The androgen receptor is a ligand dependent transcription factor. In males, androgens are testosterone and dihydrotestosterone, and has three domains: N-terminal transcription regulation, DNA binding, and the ligand binding. The biological implications of the androgen receptors are development in several systems, such as, reproductive, cardiovascular, neural, homeopathic, musculoskeletal, and immune. The signaling can also be involved with tumor development due to unregulated gene transcription. Since the receptor targets many different pathways and systems, it is a promising role medicine and new developments.

When Heregulin (HRG), a secreted growth factor, is exposed to the MDM-MB-453 cells, a signal transduction pathway is induced. More specifically, the HRG beta 2 signals a tyrosine phosphorylation. The HRG ligand activates a GTPase activating protein.
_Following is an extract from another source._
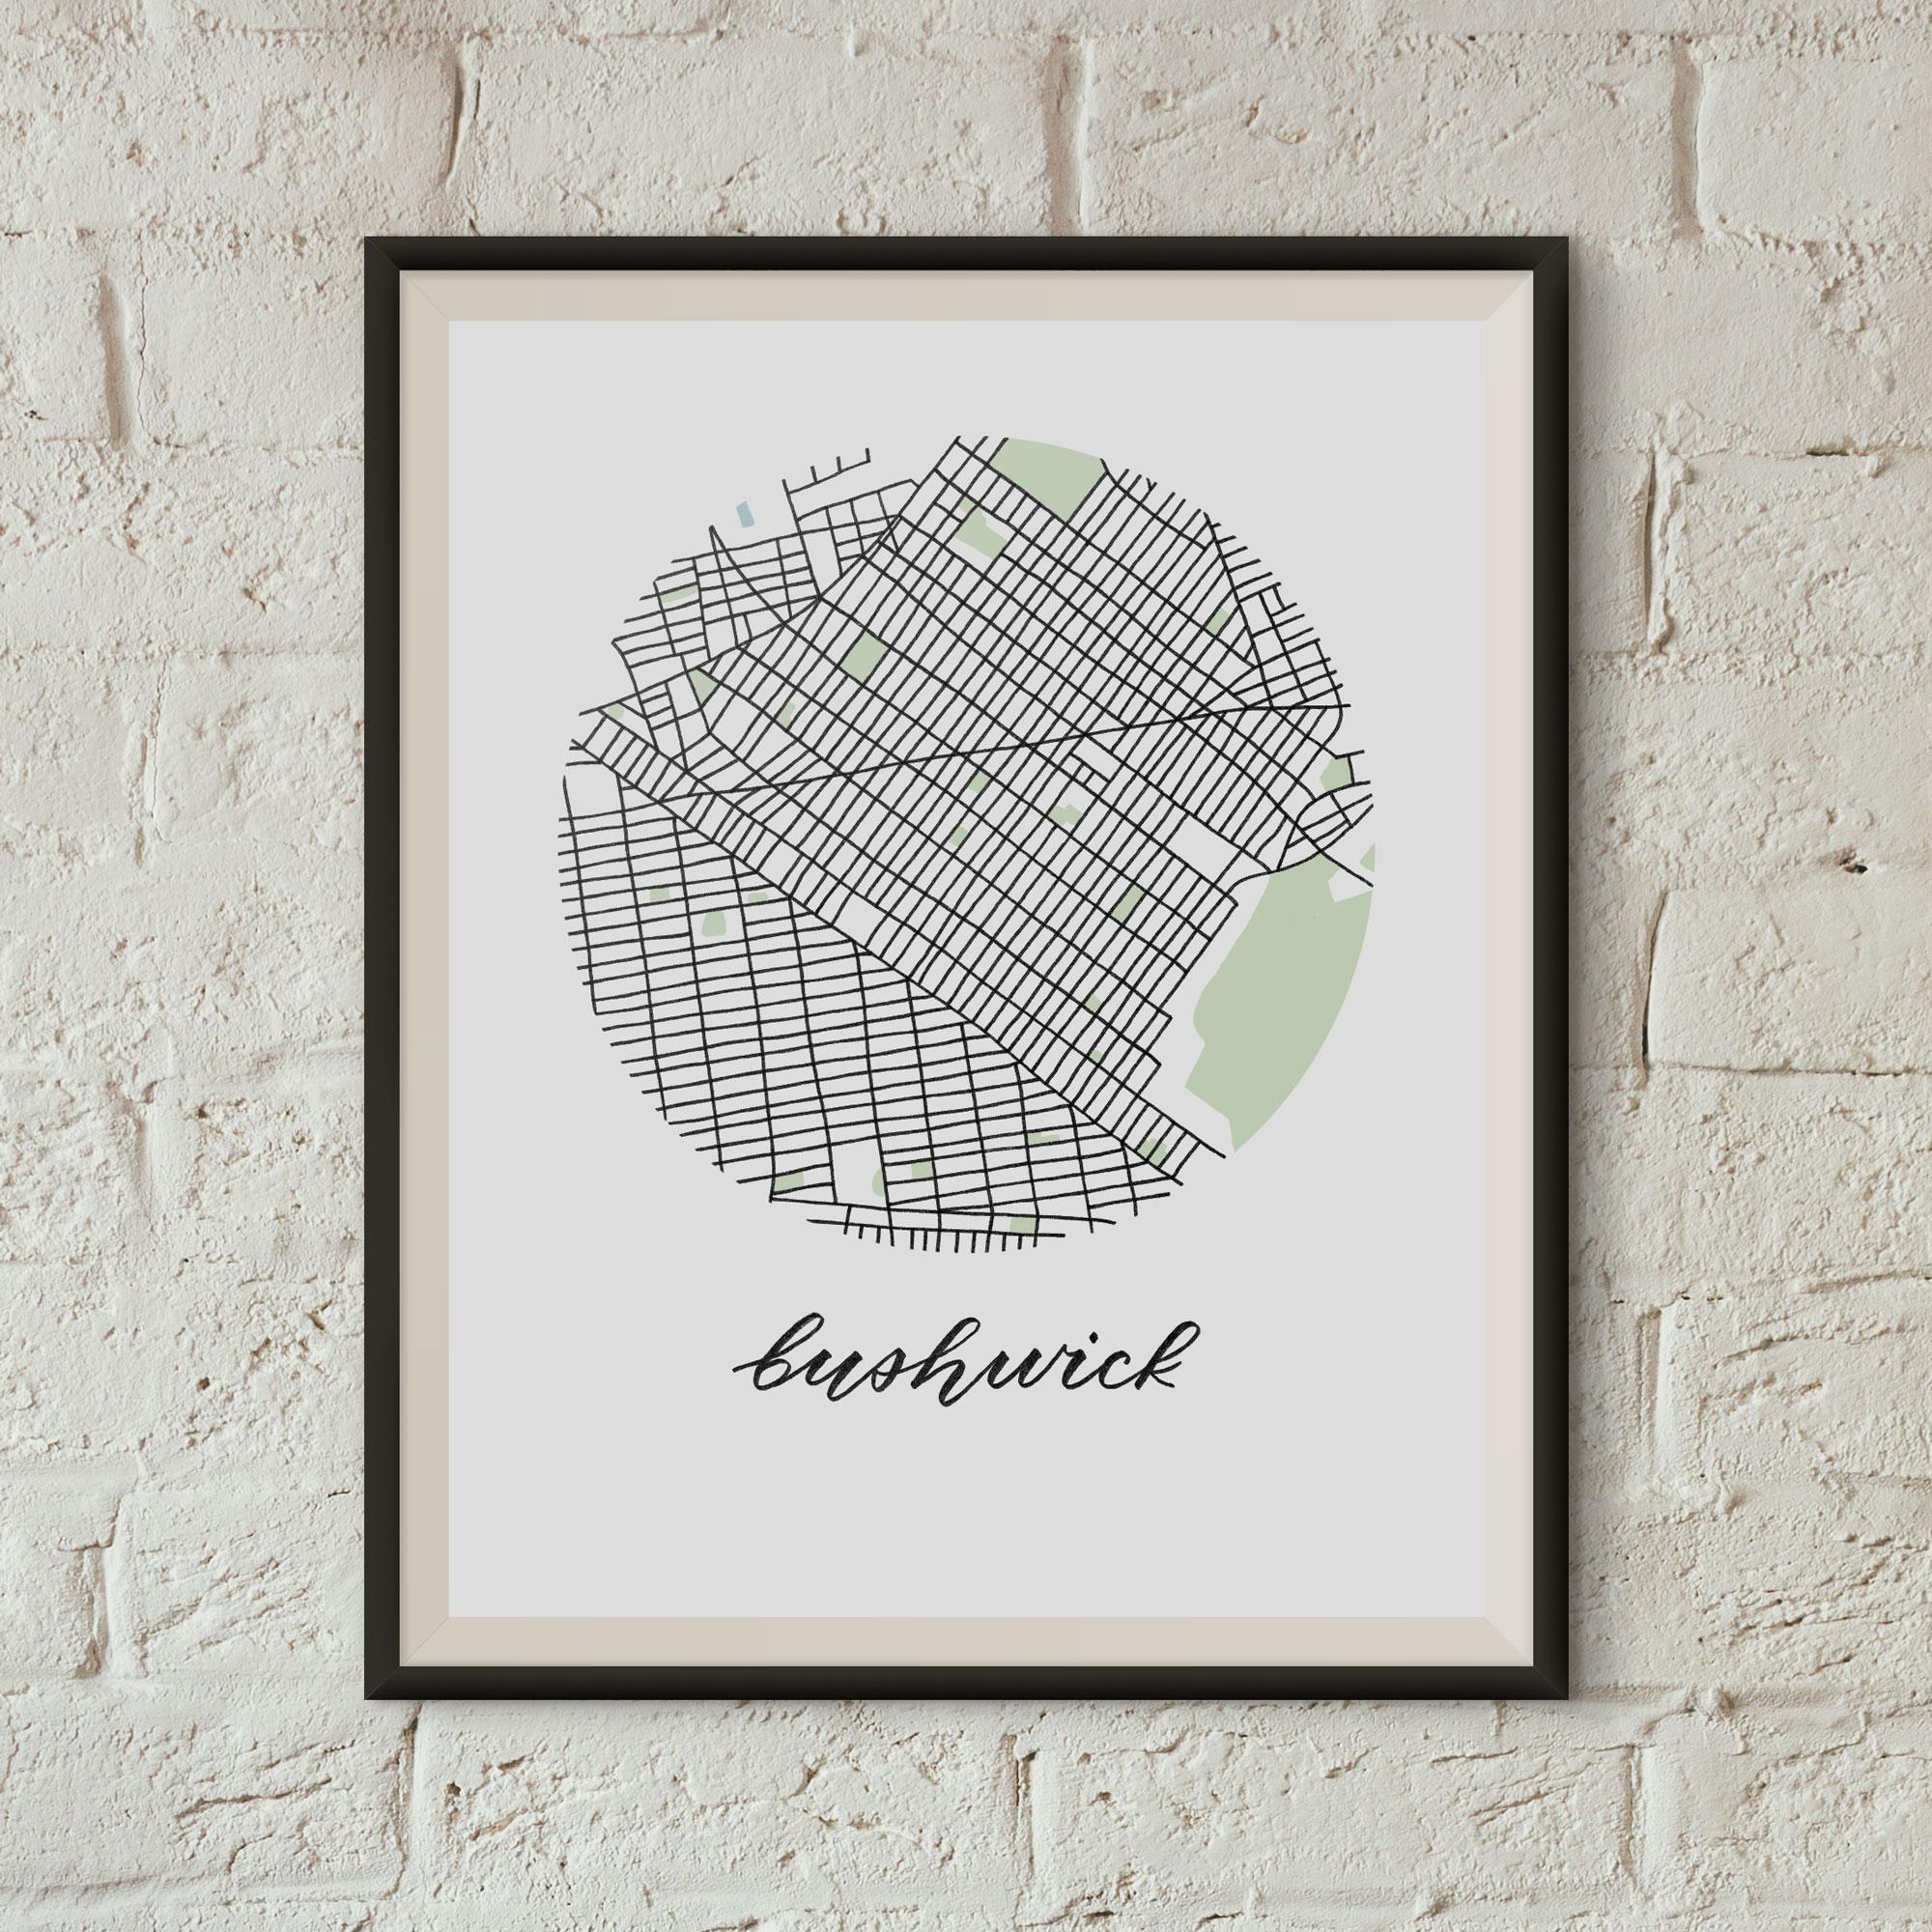 Bushwick, Brooklyn Map Print framed on a white brick wall
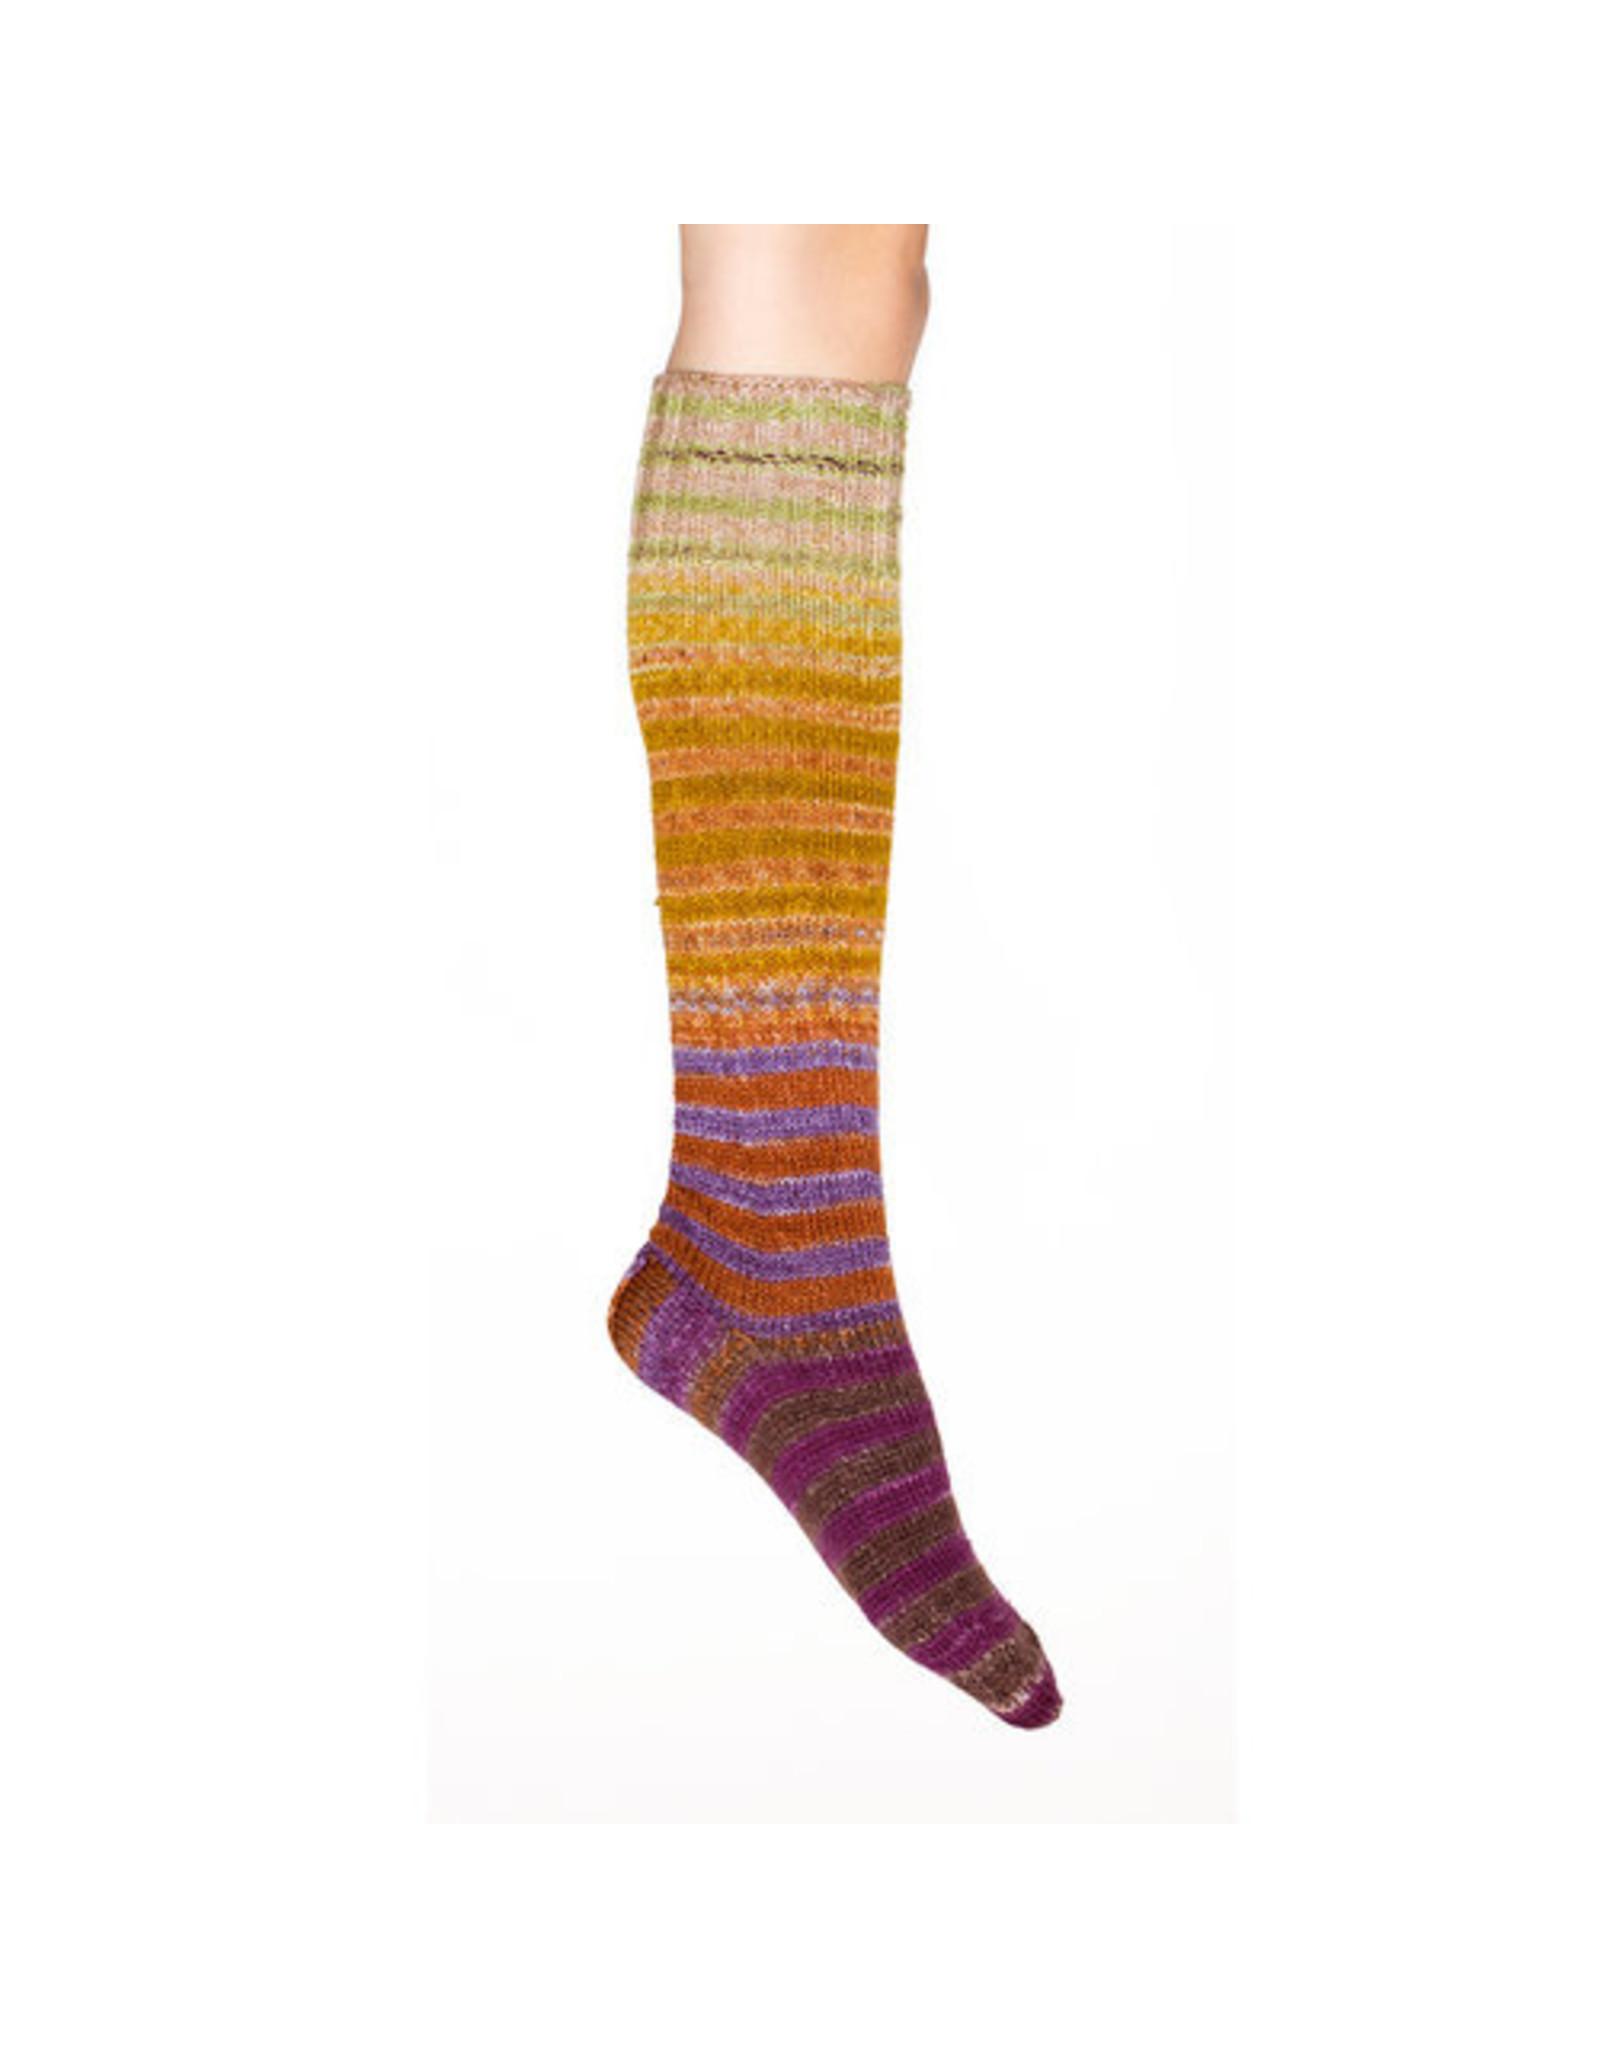 Uneek Uneek URTH Sock Kit

=== Epigenetic changes ===

Cowden Syndrome is a genetic disorder that makes an individual more susceptible to cancers. The cancers can be benign or malignant, and one of the more high-risk cancers are breast cancers. The specific mutation that contributes to this syndrome is a mutation in MDM-MB-453 cells, more specifically at codon 307 makes the cells more malignant that usual. The specific mutation is a glutamate to lysine substitution. The mutation is more susceptible to epigenetic changes, such as ubiquitination, that effect localization and distribution from the cell. The study shows that this specific mutation in the MDM-MB-453 cells will make chemotherapy harder to target and the effects will not be as great.